そしてその雑誌はどこにでも売っている訳ではない。コンビニの雑誌コーナーなんかに売っている訳もなく、そもそもその雑誌を探し出すところから始めないといけない。

さらに言うと、有料の雑誌なんだから基本的に紙面に掲載されているタトゥーの写真は記事広告だ。広告ということは、もちろん掲載料を払えば誰でも乗せることができる。
これが何を意味するかというと、タトゥーの技術が上手いからとか、作品が素晴らしいからとか、評価が高いからとか、そのようなものでは無いということ。下手くそだろうが、汚かろうが、なんであれとりあえずお金さえ払えば紙面に掲載されるのだ。
彫り師を目指す若者の多くはこのような雑誌を買って、ごくごく限られた狭い世界の中で、上手なもの下手くそなものをごちゃ混ぜに見て育つしかない。
指標がないので、何が上手で何が下手くそなのか区別もつかない。
そんな一昔前では、大きな技術格差なんて生まれようがない。

(もちろん一握りの素晴らしい彫り師と一般的な下手くそな彫り師の間には大きな技術の差があったことは間違いない)



技術の差は大きく開いていく

今後もアウトロー的で下手クソな彫り師は、ある意味ゴキブリ並みに生命力が強いので一定数は増え続けるだろうが、昔に比べると増加曲線は徐々に緩やかになっていくだろう。

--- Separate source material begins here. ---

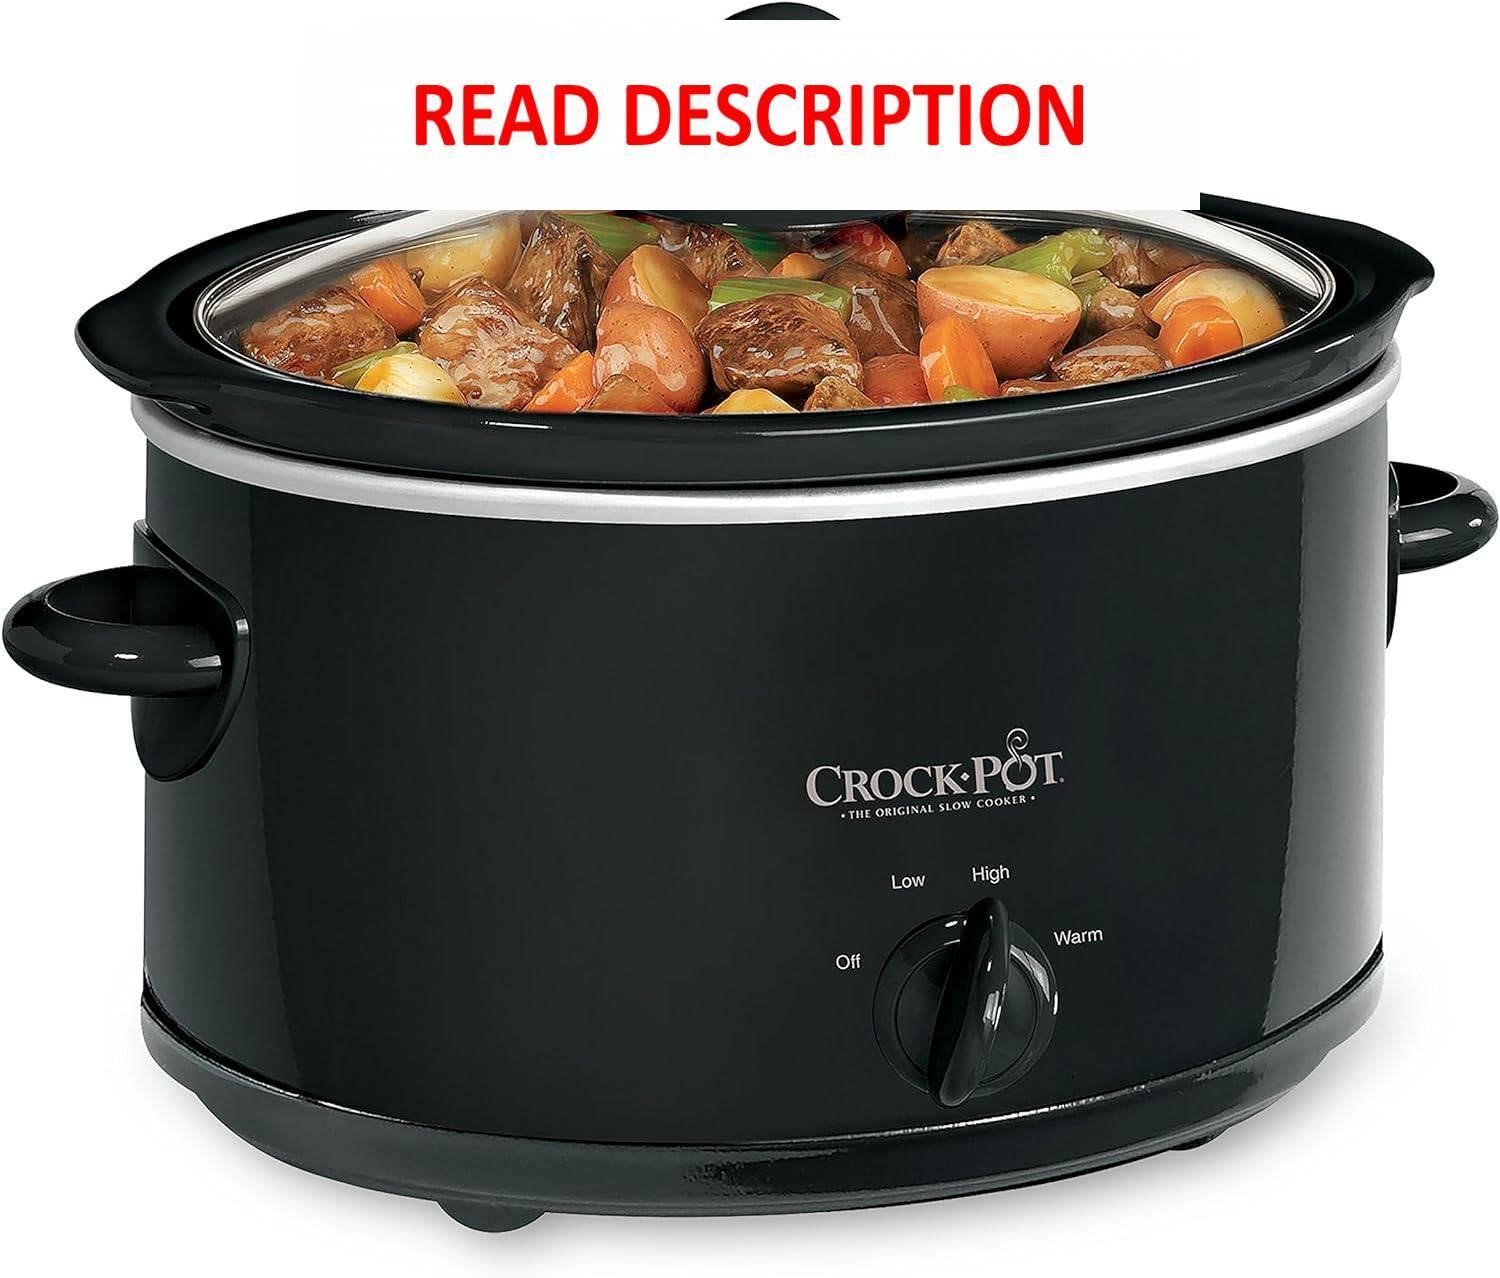 $94  Crock-Pot 4-Quart Manual Slow Cooker  Black

そして、才能溢れるスキルの高い彫り師がどんどん増えていく。どちらかと言えば、「彫り師」と言うより「タトゥーアーティスト」と言った方がしっくりくる。
もちろんアウトロー的な彫り師を目指す人達にも現在には平等にSNSというものがある。とはいえ、彼らの多くはそのSNSを上手く使いこなすことができないのは、なんとなく説明しなくてもわかっていただけるだろう。

そして、アウトロー的な彫り師の技術は一昔前と変わらず横ばいもしくは微妙に上がる程度なのを尻目に、タトゥーアーティスト達はSNSを駆使し世界中から有料な情報を収集しながら技術をどんどん向上させていく。

技術格差が生まれると言ったが、アウトロー的な彫り師達は何も変わっていない。高いスキルを持ったタトゥーアーティストたちが一方的に急速に増え続けるだけなのだ。その差はどんどん広がる一方で、もはや埋めることはできないだろう。




あとがき

さて、散々書いてきておきながら言い訳みたいになるが、私は、アウトロー的なスタジオを否定している訳ではない。アウトロー的な雰囲気を持っていたとしても、衛生管理を徹底し、正しい知識と高いスキルを持ち、礼儀やマナーを守り、納税の義務を果たして真っ当に営業しているならそれはそれでいい。それがそのスタジオのカラーなんだから。

技術格差にしても、生まれるとは思うが本当は生まれて欲しくない。タトゥー業界全体がレベルアップして欲しいと真に願ってやまない。


最近特によく思うことがある。
今までタトゥーを入れなかった部類の人達がタトゥーを入れるようになってきている。言い方に語弊があるかもしれないが、ごくごく普通の見た目の人、いかにも真面目で気が弱そうな人、お堅い職業の人、どこにでも居そうな主婦やおじさんなど・・・

タトゥースタジオで仕事をしていると、もはやタトゥーは特別なものでも何でもなく、人々の日常に浸透しているんだと実感することがある。

タトゥー否定派の人達も、このような現実を受け止めて、少しでも偏見が無くなる社会に早くなって欲しいものだ。